The Rays resisted trading free-agent-to-be David Price, instead hoping to make one last run with him. If things don’t work out, they should be able to land a king’s ransom for him before the trade deadline in July. Working from a familiar script, they will use their usual mix of unheralded position players and manager Joe Maddon’s mad genius to again compete with heavyweights Boston and New York.

One and done?

The Pittsburgh Pirates snapped a record 20-year run of sub-.500 records in 2013 and made it to the playoffs as a wild-card team, led by NL MVP Andrew McCutchen. But the Pirates frustrated their fans by staying mostly quiet over the winter while losing veteran right-hander A.J. Burnett to free agency. Was last year simply a fleeting return to glory?

Yankee makeover

New York did what it does best in the offseason — spend money. The Yankees used big-bucks contracts to add center fielder Jacoby Ellsbury from the rival Red Sox, right fielder Carlos Beltran, catcher Brian McCann and, for good measure, Japanese right-hander Masahiro Tanaka. Throw in a healthy Mark Teixeira at first base, a final season from Derek Jeter and a resurgent CC Sabathia, and it could be a big year at Yankee Stadium.
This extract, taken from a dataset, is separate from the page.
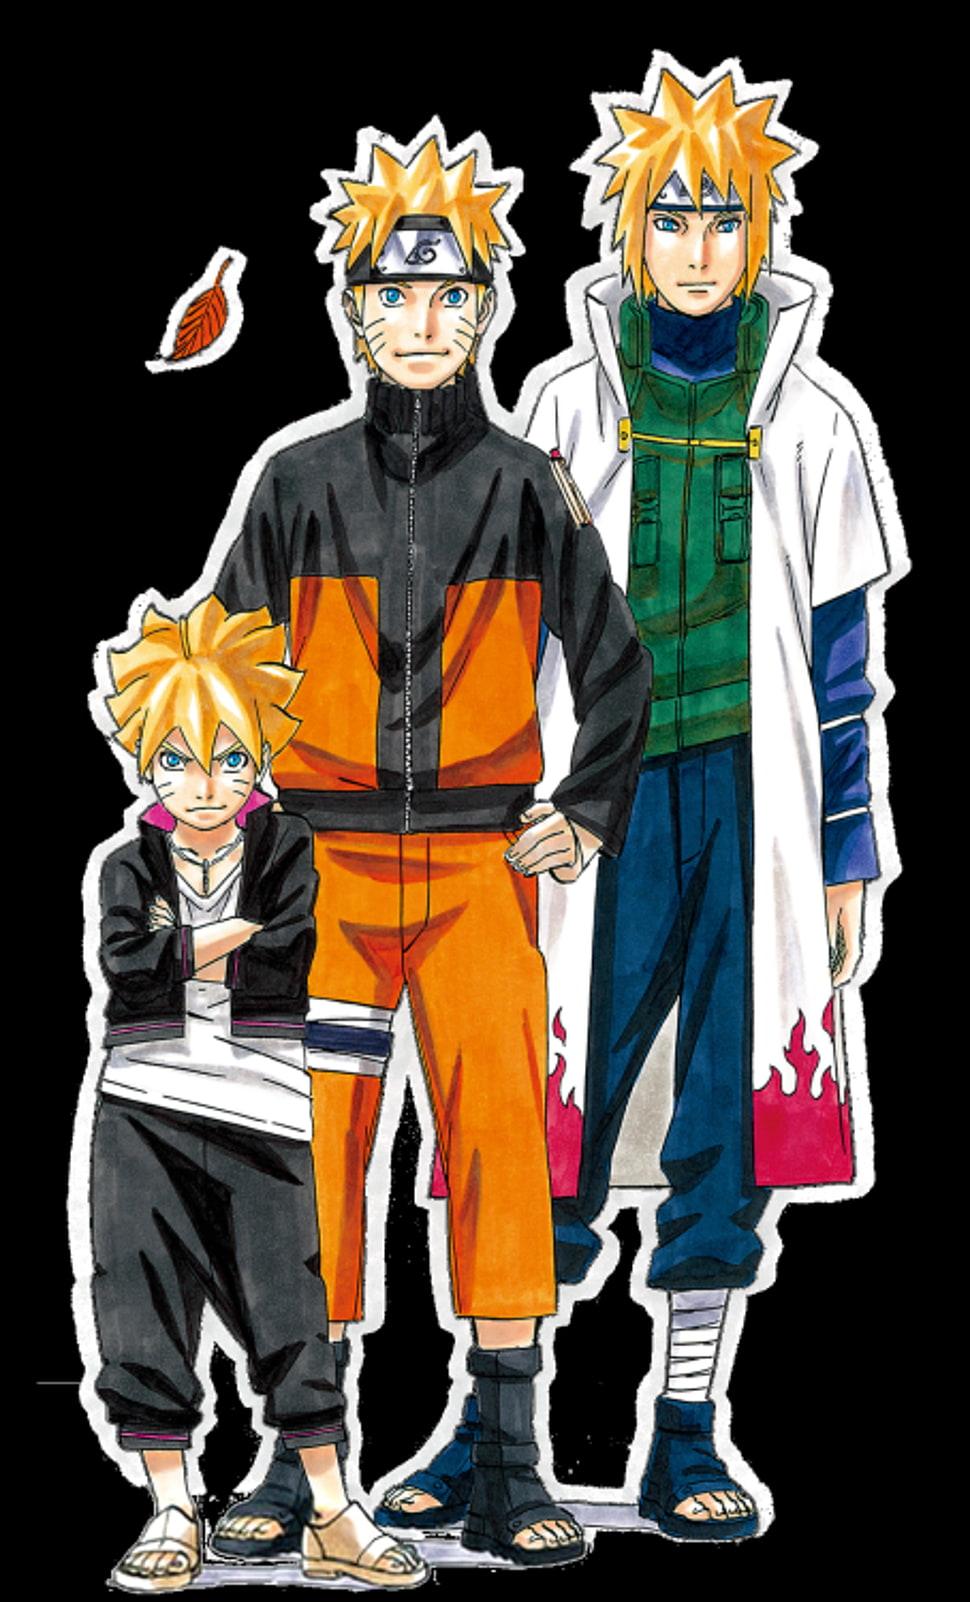 Boruto Naruto and Nagato illustration HD wallpaper
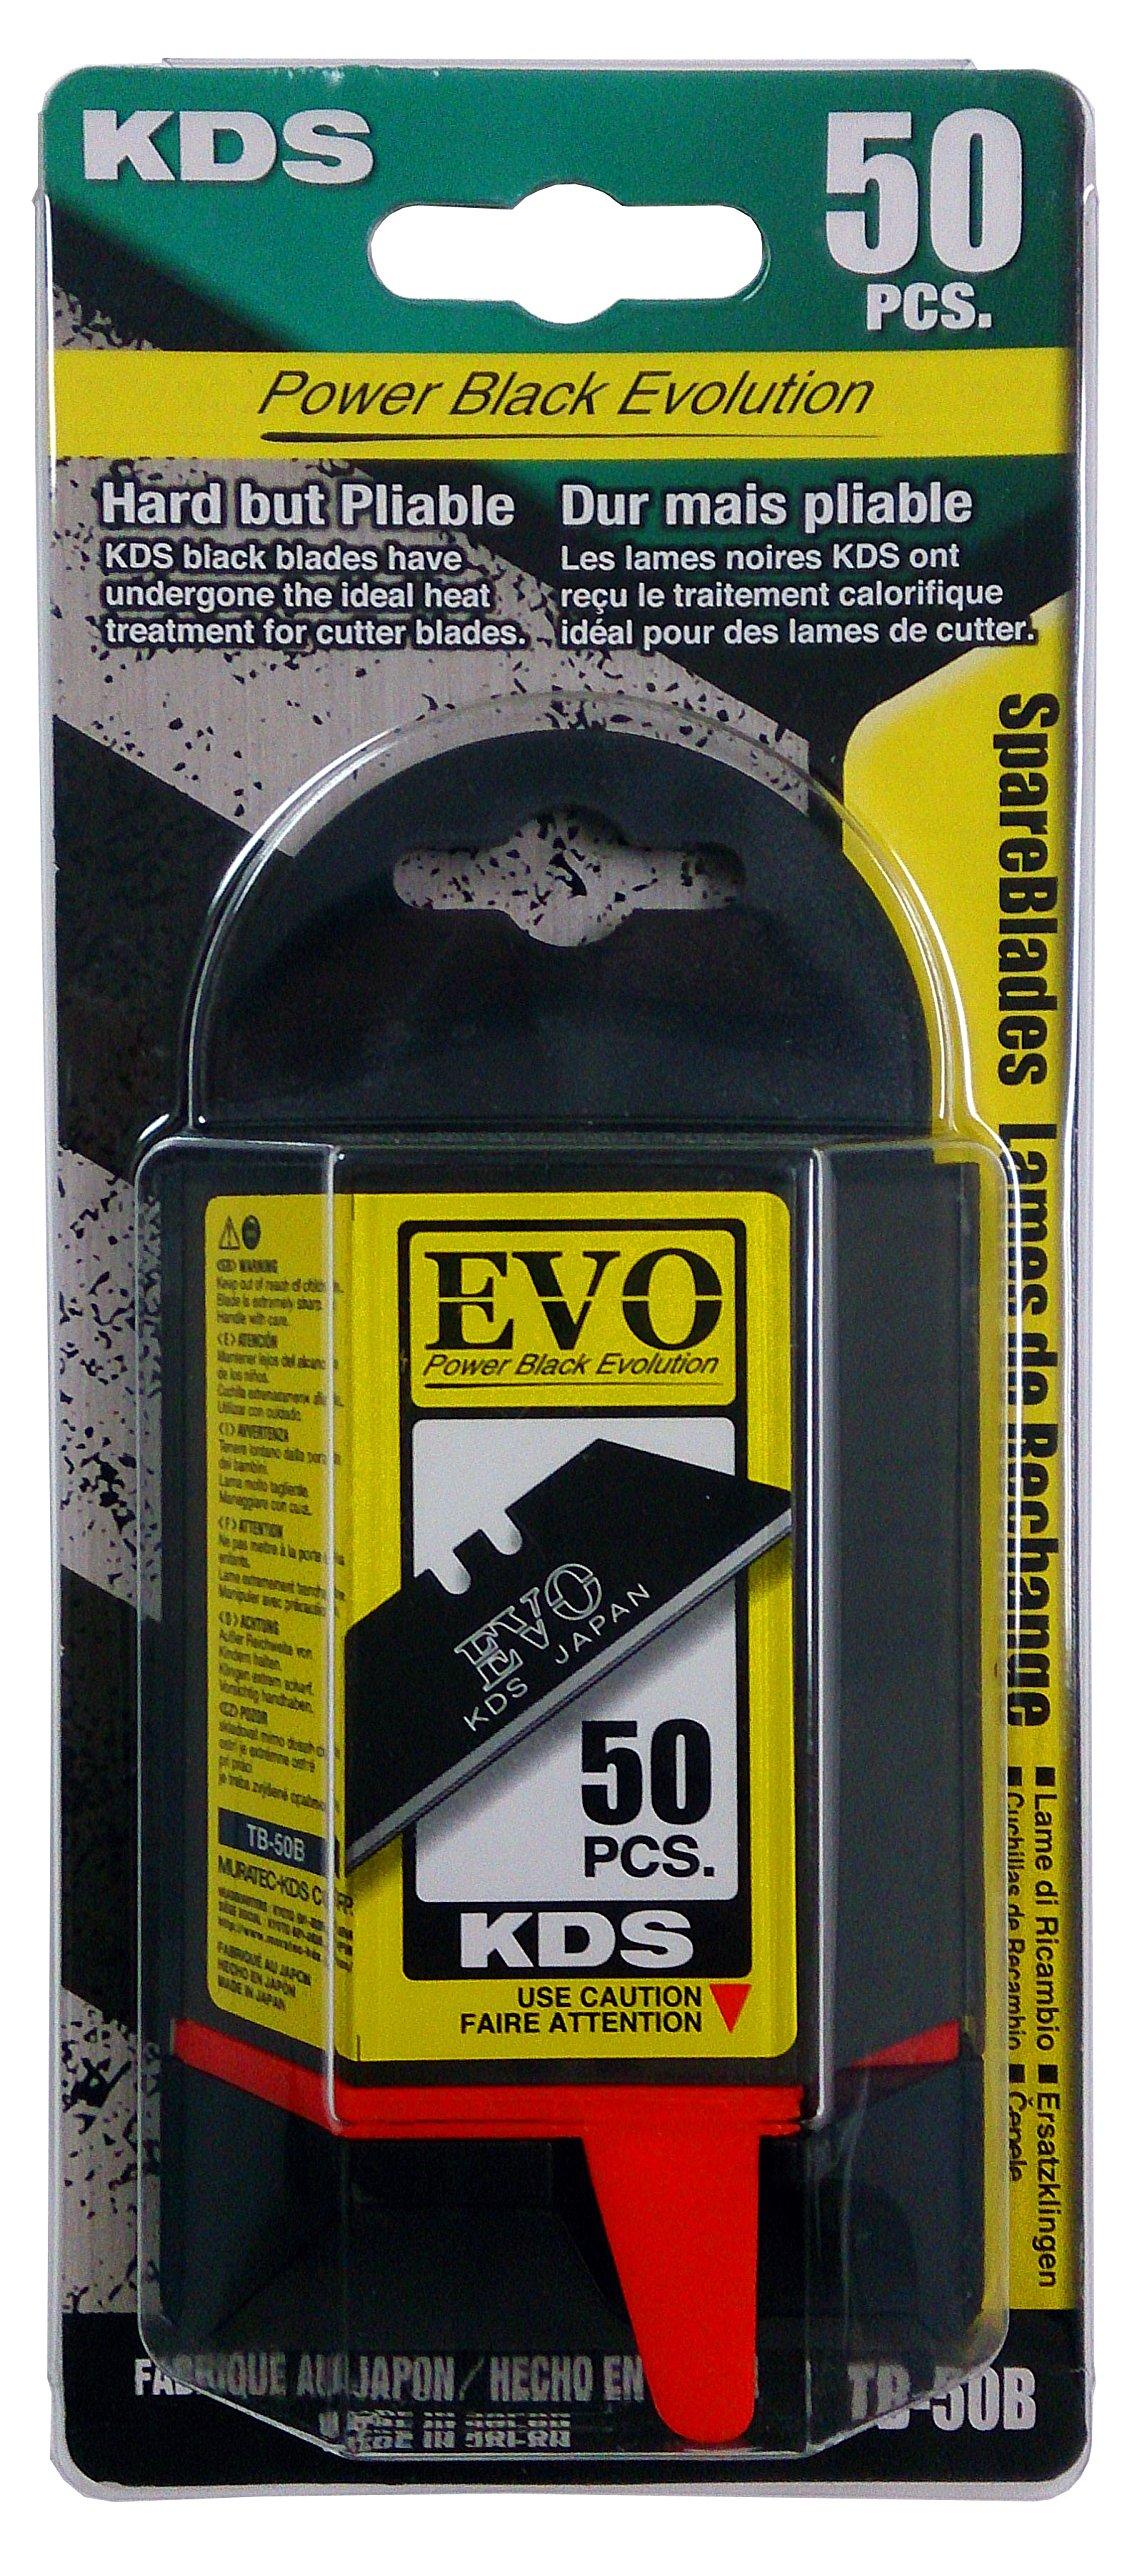 KDS TB-50B EVO High-Tempered Trapezoid Utility Knife Blades, Black

Rangers, Tigers swap stars

After consecutive postseason disappointments, the Tigers turned the page on former Brewers slugger Prince Fielder by trading him to the Rangers for second baseman Ian Kinsler. That allowed Detroit to move AL MVP Miguel Cabrera back to first base and become a little more multidimensional with Kinsler at second. Texas, meanwhile, will pair Fielder with free agent Shin-Soo Choo to give itself plenty of left-handed pop in a ballpark that is well-suited for them.

Braves’ building blocks

The Atlanta Braves spent the off-season giving contract extensions to everyone but the night watchman. They also announced plans to move to a new palace in the ‘burbs. Injuries picked apart their pitching staff, however, and they will try to regroup behind budding ace Julio Teheran.

Rallying Royals

Kansas City has been trying to position itself for a playoff run. With an offseason trade for legitimate leadoff hitter Norichika Aoki, the hope is the lineup will be balanced enough to contend. The Royals lost stud starter Ervin Santana to free agency, so James Shields and the AL’s best closer in 2013, Greg Holland, must carry their staff.

Aimless Angels

Free agency hasn’t worked out so well for the Angels the past few years. They signed sluggers Albert Pujols and Josh Hamilton to huge-money deals only to see both struggle with injury and inconsistency. If those two can come back and produce, they would team with mega-talent Mike Trout to form a fearsome middle of the lineup. Jered Weaver and C.J. Wilson are solid atop the starting rotation, and youngster Tyler Skaggs could be a key piece to round it out.

Wrigley birthday party

The Cubs will spend as much time as possible celebrating the 100th birthday of Wrigley Field, but at some point they need to put a representative team on the field. They have built a dazzling array of prospects by gutting previous rosters, but after consecutive 100-loss seasons, long-suffering fans want something to raise a beer to other than the Friendly Confines.

The Nationals debt

No team was more disappointing in 2013 than the Washington Nationals, who went from playoff team to also-ran in the last year under manager Davey Johnson. When you have young stars such as Stephen Strasburg and Bryce Harper, expectations present the kind of pressure to which local resident Barack Obama can relate.

Hope in Houston?

The Astros enter 2014 with the smallest payroll in the major leagues, and it’s not even close — even the miserly Marlins are $15 million ahead of them at this point. But, credit to them, they’re sticking to a slow, methodical rebuild, and at some point the belief is the short-term pain will be worth the long-term gain. The question is, will what remains of their fan base continue to support the team through these tough times?

Under the magnifying glass

No player will be more-scrutinized than Milwaukee’s Ryan Braun, who ended a year and a half of lying about his involvement with performance-enhancing drugs by accepting a season-ending, 65-game suspension in 2013. Braun put himself in this no-win position: If he falters, critics will say he can’t play clean. If he plays great, they will say he must still be cheating. Tough row to hoe.